Write out the full listing, matching it line for line.

»»

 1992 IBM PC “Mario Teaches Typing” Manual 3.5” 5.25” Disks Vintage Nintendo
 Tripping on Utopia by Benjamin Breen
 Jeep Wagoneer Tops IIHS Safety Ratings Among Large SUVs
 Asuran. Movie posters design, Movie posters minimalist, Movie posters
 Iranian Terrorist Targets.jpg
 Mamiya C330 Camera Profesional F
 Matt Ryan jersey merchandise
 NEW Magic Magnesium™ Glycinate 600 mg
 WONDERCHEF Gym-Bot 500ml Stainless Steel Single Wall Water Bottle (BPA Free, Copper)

««

Exercise result -
 1992 IBM PC “Mario Teaches Typing” Manual 3.5” 5.25” Disks Vintage Nintendo
 Tripping on Utopia by Benjamin Breen
 Jeep Wagoneer Tops IIHS Safety Ratings Among Large SUVs
 Asuran. Movie posters design, Movie posters minimalist, Movie posters
 Iranian Terrorist Targets.jpg
 Mamiya C330 Camera Profesional F
 Matt Ryan jersey merchandise
 NEW Magic Magnesium™ Glycinate 600 mg
 WONDERCHEF Gym-Bot 500ml Stainless Steel Single Wall Water Bottle (BPA Free, Copper)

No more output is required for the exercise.